Several Jurich supporters carrying signs urging trustees to retain the AD gathered outside the Grawemeyer administration building and briefly inside the meeting room. Jurich’s attorney, Alison M. Stemler, and members of Jurich’s legal team joined the meeting shortly after it began.
Trustees ultimately followed the same path as the ULAA, deciding to part ways with Jurich and move forward.
Jurich departs as construction continues on a $63 million expansion of the football stadium due for completion by next season. He had a long record of accomplishments that helped Louisville build one of the nation’s top athletic programs.
Jurich also remained loyal to coaches he hired, to a fault in some cases.
Jurich hired Pitino as coach in 2001 and celebrated Louisville’s third NCCA men’s basketball championship trophy 12 years later in perhaps the school’s most successful year in athletics.
The Cardinals’ women’s basketball team reached the NCAA championship game that same season and has remained a perennial NCAA Tournament contender. Both programs play in a 22,000-seat downtown arena that opened in 2010.
Lamar Jackson became Louisville’s first Heisman Trophy winner last year when the Cardinals flirted with a berth in the college football playoff.
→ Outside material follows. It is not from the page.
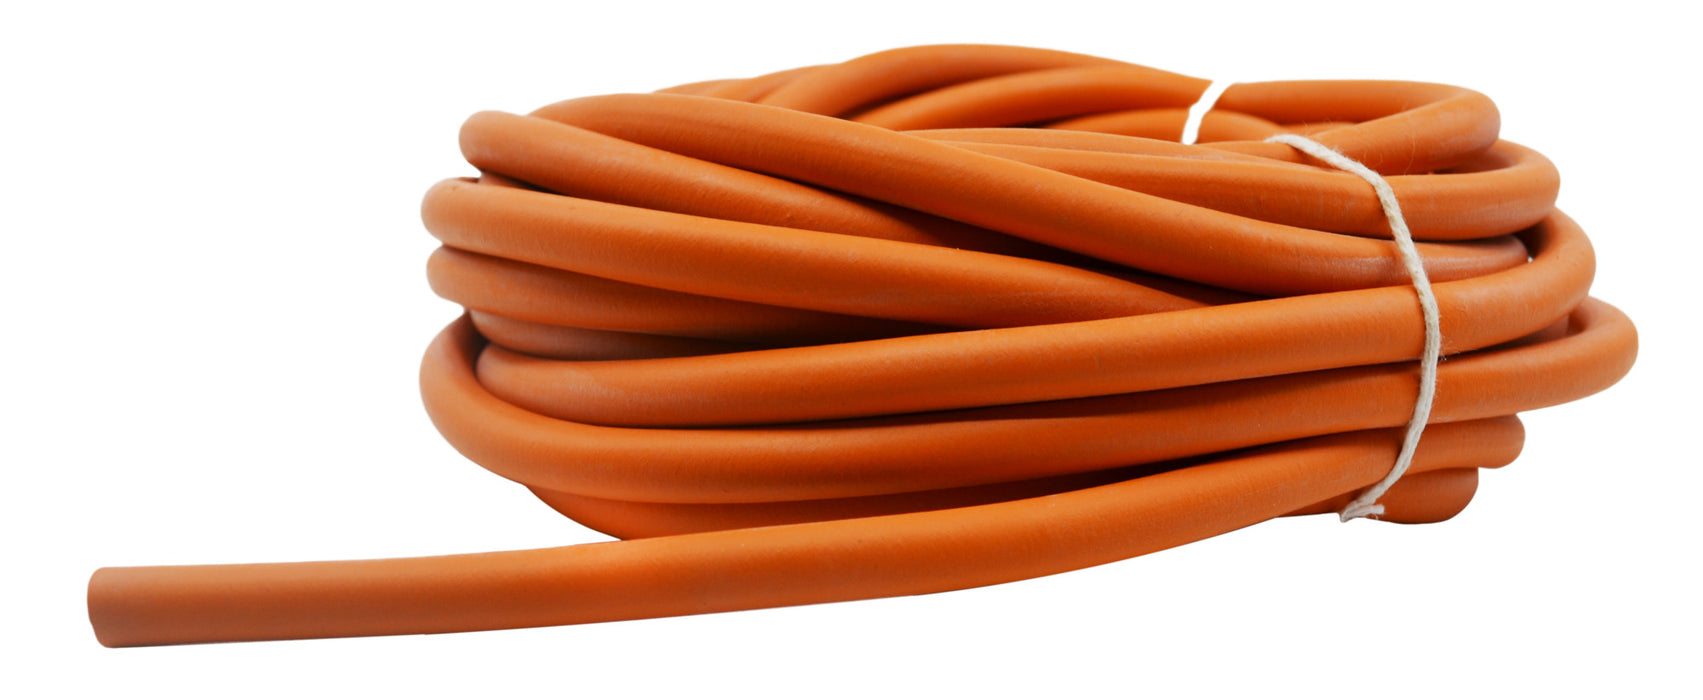 Rubber Tubing, 10m, Orange - Soft - 7mm Bore - 1.5mm Thickness

The Cardinals in 1998 began playing in Papa John’s Cardinal Stadium, which is undergoing its second expansion from its original 42,000-seat capacity.
The baseball team is coming off its third College World Series berth in five years and is also preparing to expand its stadium.
Jurich was scrutinized for his decision to re-hire football coach Bobby Petrino in January 2014, less than two years after Arkansas fired Petrino for misleading school officials about a motorcycle accident in which his passenger was later revealed to be his mistress.
Jurich’s support of Pitino through a series of embarrassing transgressions in recent years drew the most criticism.